The first 24-hour “TartanHacks” was held in February 2012, and 150 students turned out, many of them with little to no hacking experience. “We kind of nailed it on the first try,” Quispe says, a bit sheepishly. Volunteers—both students and IT professionals—circulated around the room, offering advice and encouragement. “We picked people smart enough to answer the complicated questions, but also people who liked to interact with other people,” Cooper says.

The second-annual TartanHacks, held this past February, was even more successful, attracting nearly 200 people plus support from companies like Dropbox, eBay, Facebook, Google, Microsoft and Yahoo!

With the graduation of ScottyLabs founders Quispe and Vemuri, the organization is in the hands of students such as Cooper, Inglis and current ScottyLabs Director Julia Teitelbaum, a senior majoring in information systems and human-computer interaction.

“Growing up, I always liked to make things,” Teitelbaum says, “and not software things, I’m talking like the Pinewood Derby car race—I owned that at our middle school!—and in high school, for example, I needed additional lighting in my room, so I built wall panels.” What she couldn’t learn from her parents or friends about carpentry or wiring, she researched online.

“I was willing to learn what I needed to learn to remove the barriers I faced,” Teitelbaum says.
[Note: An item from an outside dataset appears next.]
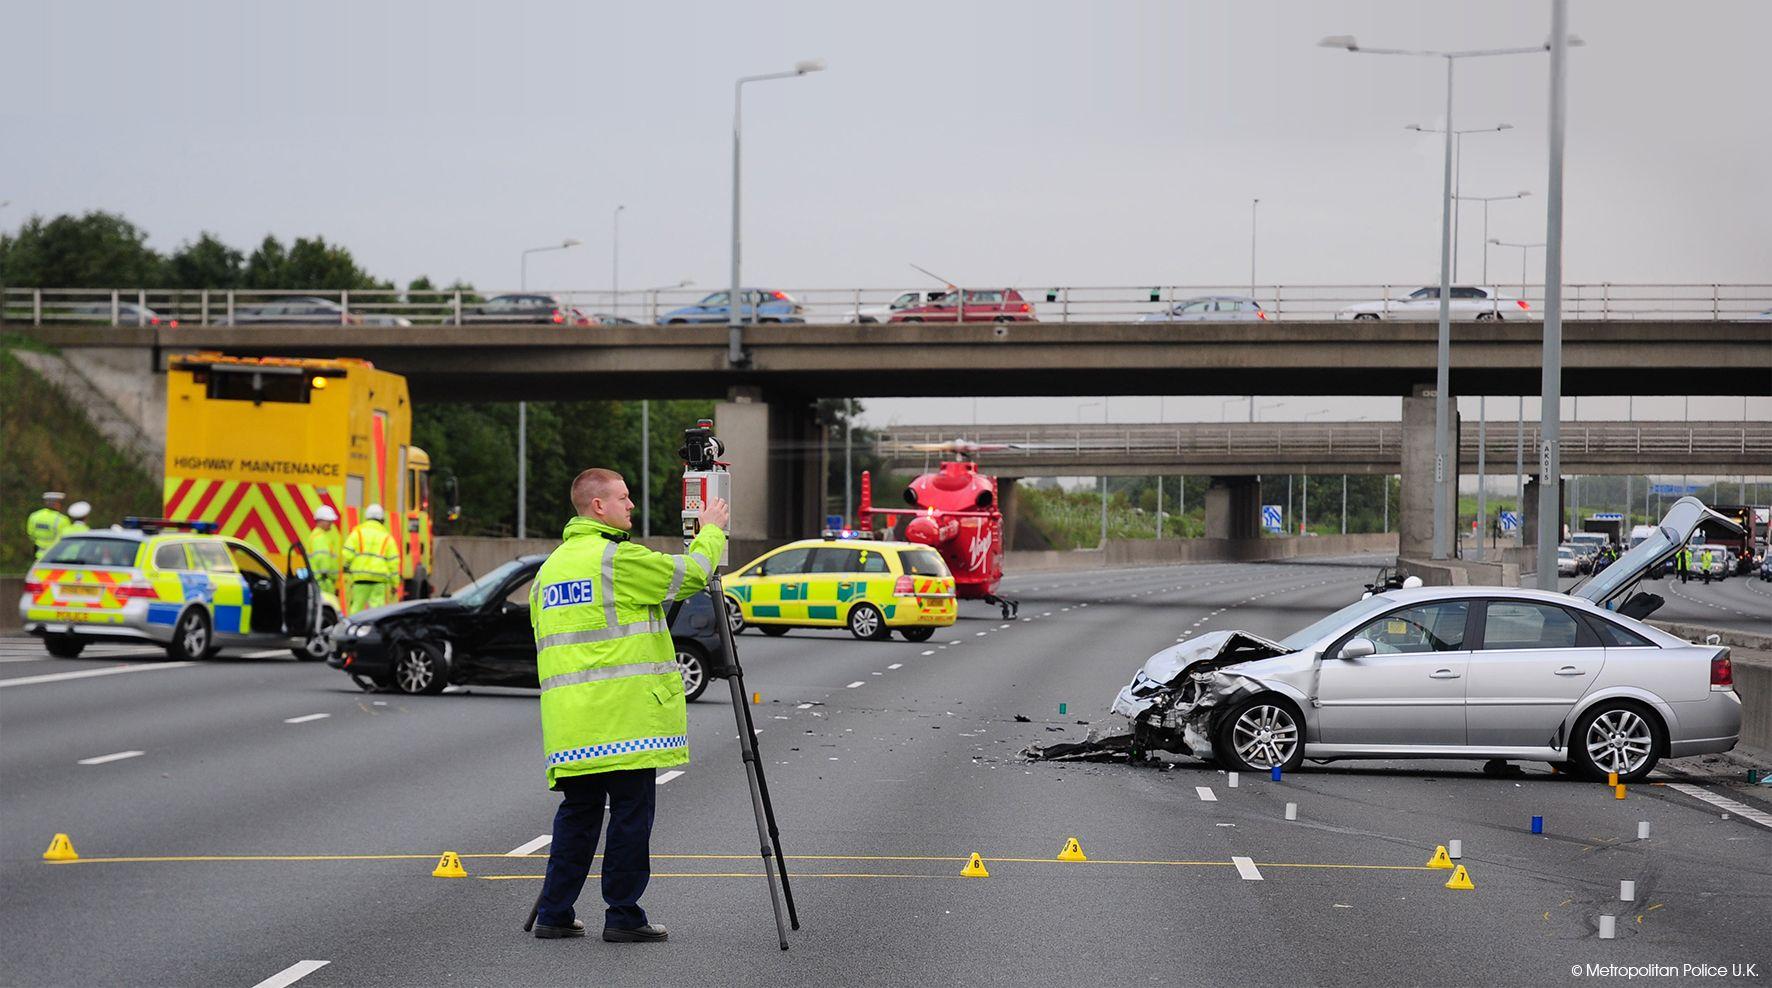 The RIEGL VZ-400i LiDAR solution for fast and efficient crash scene investigation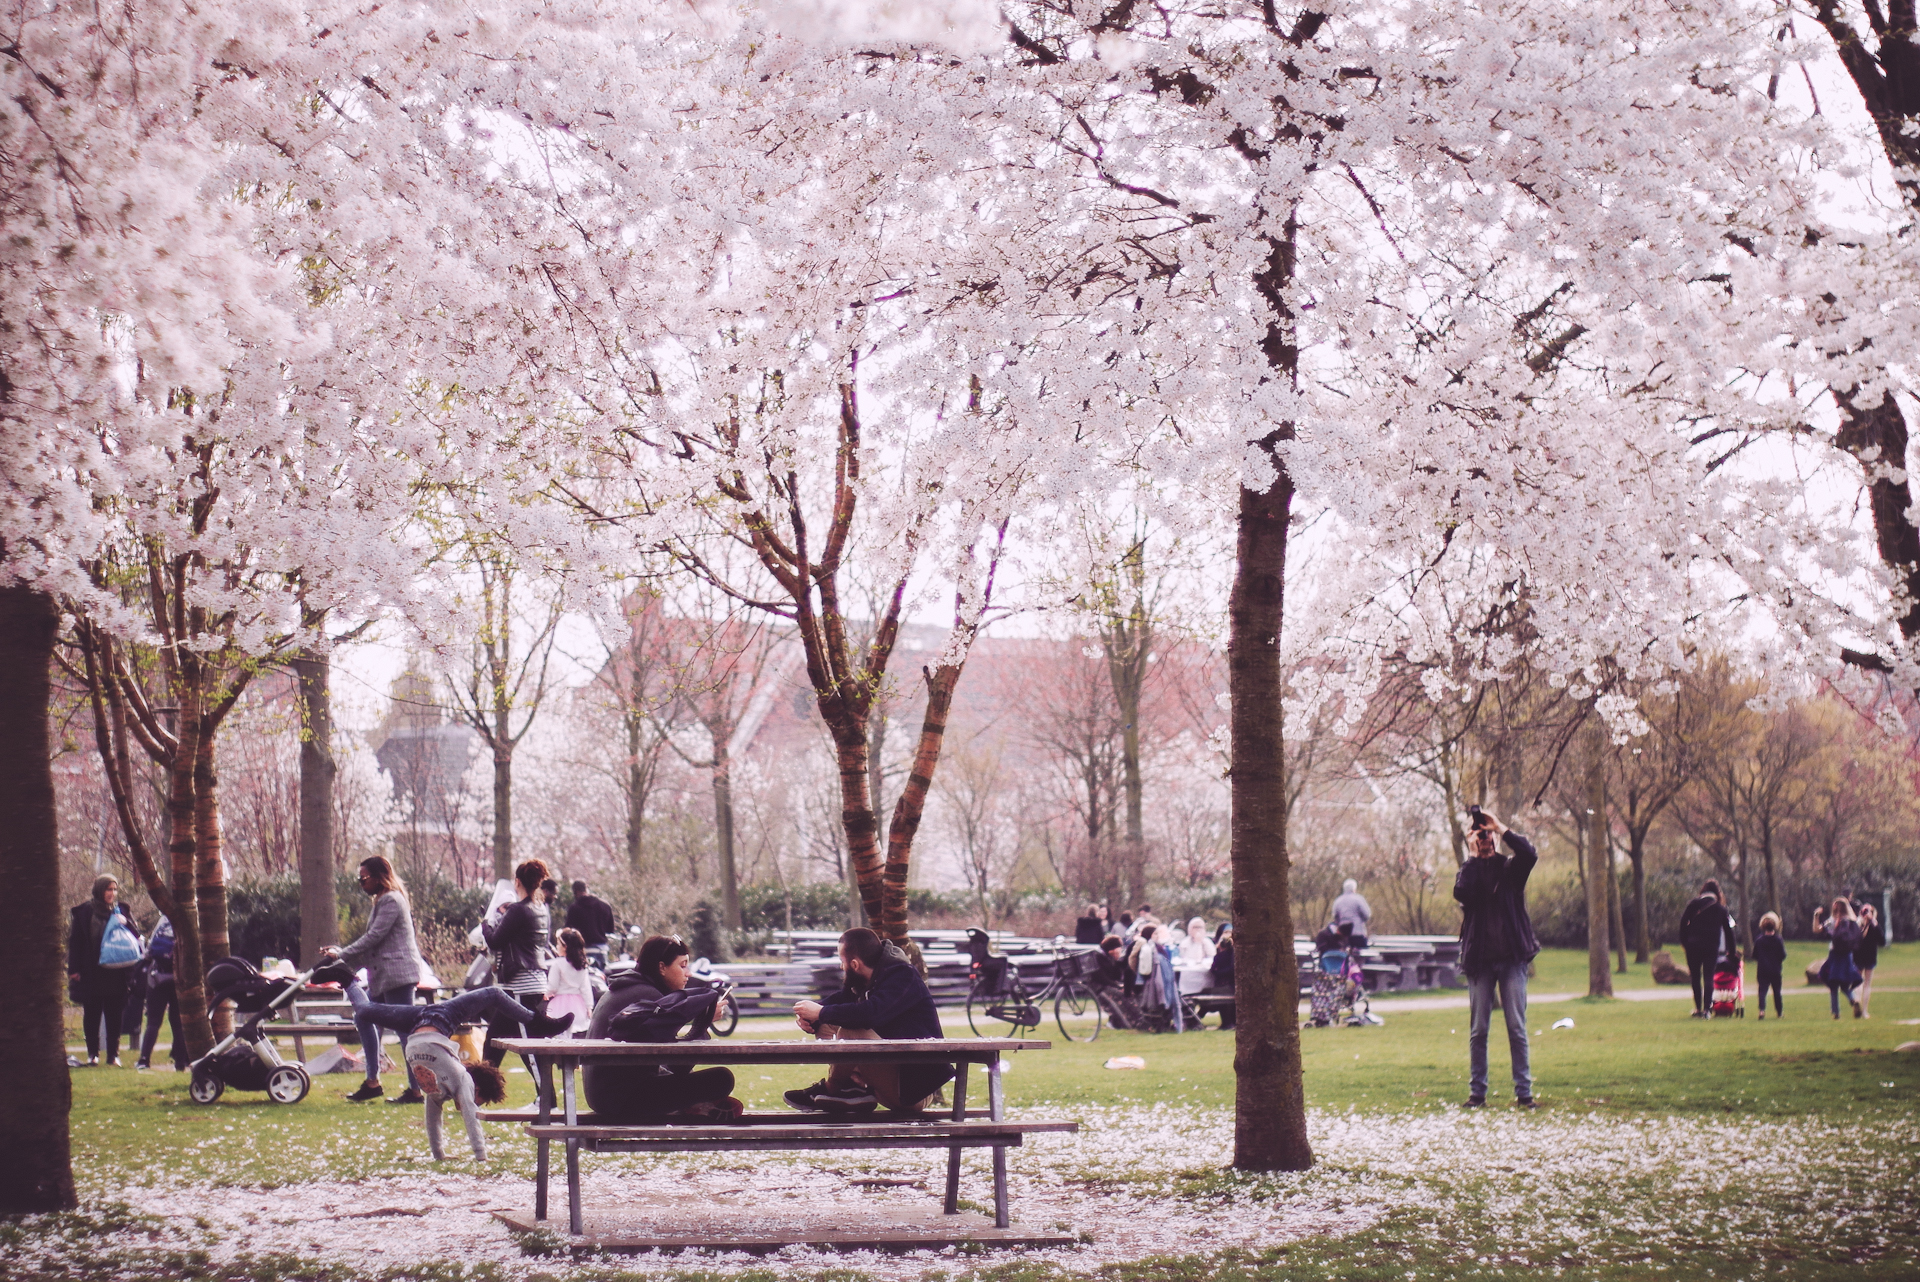 2018 APR Amsterdam Cherry Blossom Pink le-12.jpg

ScottyLabs and TartanHacks help remove barriers other students may face that keep them from innovating, she says.

To that end, ScottyLabs recently absorbed Make CMU, an interdisciplinary space where students can get together to work on their personal projects. “Every week, we hold a hack session, where people can come and work on stuff for three hours—or more, if they want to,” Inglis says. “We’ve had people come and work on hardware, we’ve had people come and work on software. We had someone come and make a block puzzle using a laser cutter.”

Although student groups come and go, ScottyLabs has a core group of 10 people dedicated to keeping it sustainable. “I think we’re in good shape for the future,” Inglis says. The strong interest in maker culture at CMU and in Pittsburgh seems to work in ScottyLabs’ favor as well.

“There is a huge chunk of this campus that just wants to make something cool,” Cooper says.

—Jason Togyer (DC’96) is editor of The Link. His hacks are mostly in the domains of ham radio, model trains and backyard car repair.